Tachtig jaar Genootschap Onze Taal en dertig jaar Nederlandse Taalunie:
dat is wel een feestje waard. Maar hoe noem je die jubilea? 50 jaar is
goud, 25 jaar is zilver, dat weet iedereen. Maar 80 en 30 jaar? Het
antwoord op die vraag kon ik heel snel vinden. Natuurlijk op de website
van Onze Taal, onder het hoofdstukje Taaladvies op het trefwoord
jubilea, waar anders! Daar staat een complete lijst hoe alle jubilea
heten, van 14 dagen - dat is een papieren jubileum - tot en met 80
jaar, en dat is eiken, of plutonium. En 30 jaar wordt aangeduid met
ivoor, parel of parelmoer. Kortom: bij de voorbereiding van deze
toespraak werden het praktische nut en het belang van de website van
Onze Taal meteen bewezen. Maar ook de bezoekscijfers van Taaladvies.net
liegen er niet om. Deze website van de Nederlandse Taalunie, waaraan
ook Onze Taal bijdraagt, werd in 2010 maar liefst 3,5 miljoen keer
geraadpleegd! En het vaakst zocht men naar de juiste spelling van te
allen tijde. Altijd lastig. Natuurlijk doen uw jubilerende organisaties
veel en veel meer dan het beantwoorden van concrete taalvragen. Maar
dit zijn wél de activiteiten die voor het grote publiek heel zichtbaar
zijn, en waarmee u in een behoefte voorziet, getuige de cijfers.
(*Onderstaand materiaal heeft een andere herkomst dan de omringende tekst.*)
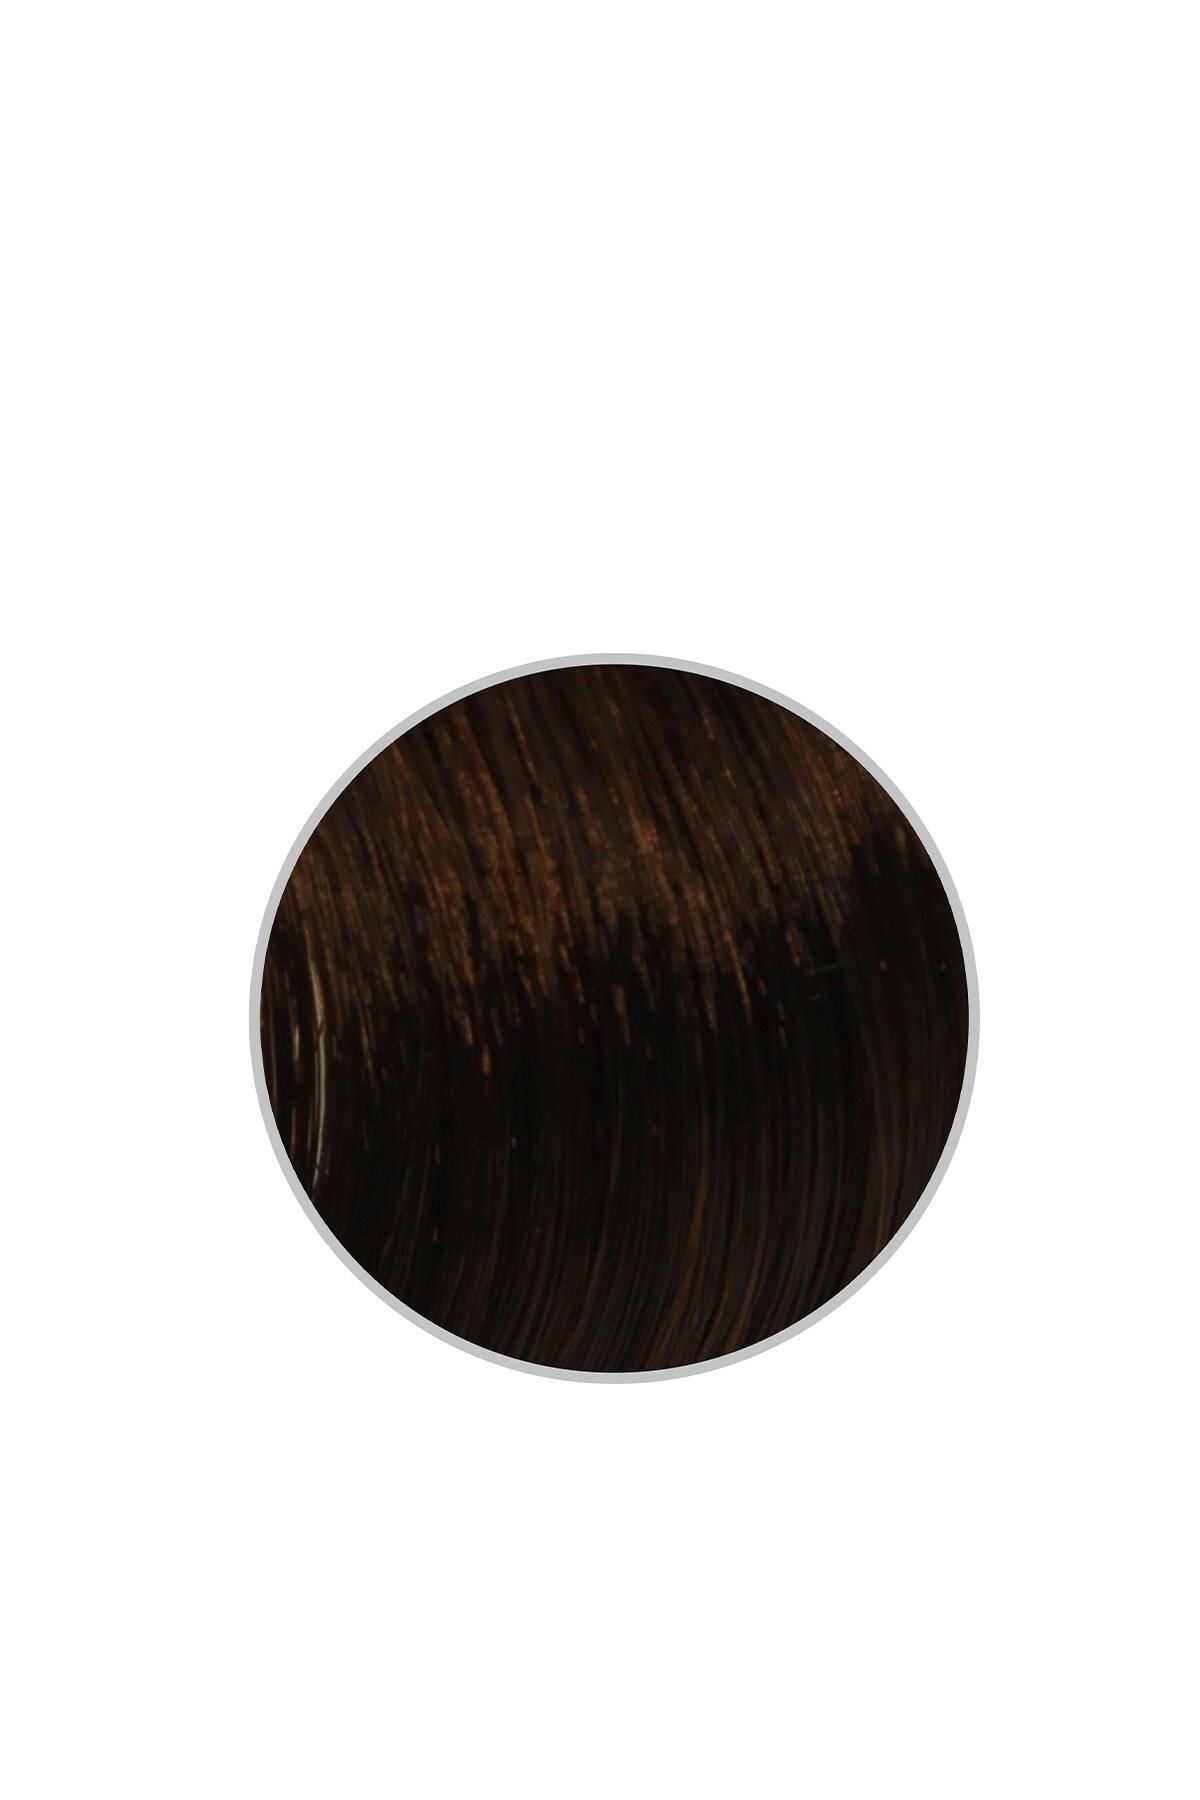 Artego Saç Boyası 150ml | No - 3.7 Koyu Çikolata Kahve

Er
zijn een heleboel mensen die willen weten hoe het zit. Hoe je een woord
spelt, wat het betekent, waar het vandaan komt. Het Nederlands leeft.
Kijk ook maar naar het succes van taalspelletjes op TV, en van het
Nationaal Dictee dat tot een van de mooiere decembertradities is
uitgegroeid. Instellingen als Onze Taal en de Taalunie kunnen
vanzelfsprekend niet bestaan zonder toegewijde wetenschappers.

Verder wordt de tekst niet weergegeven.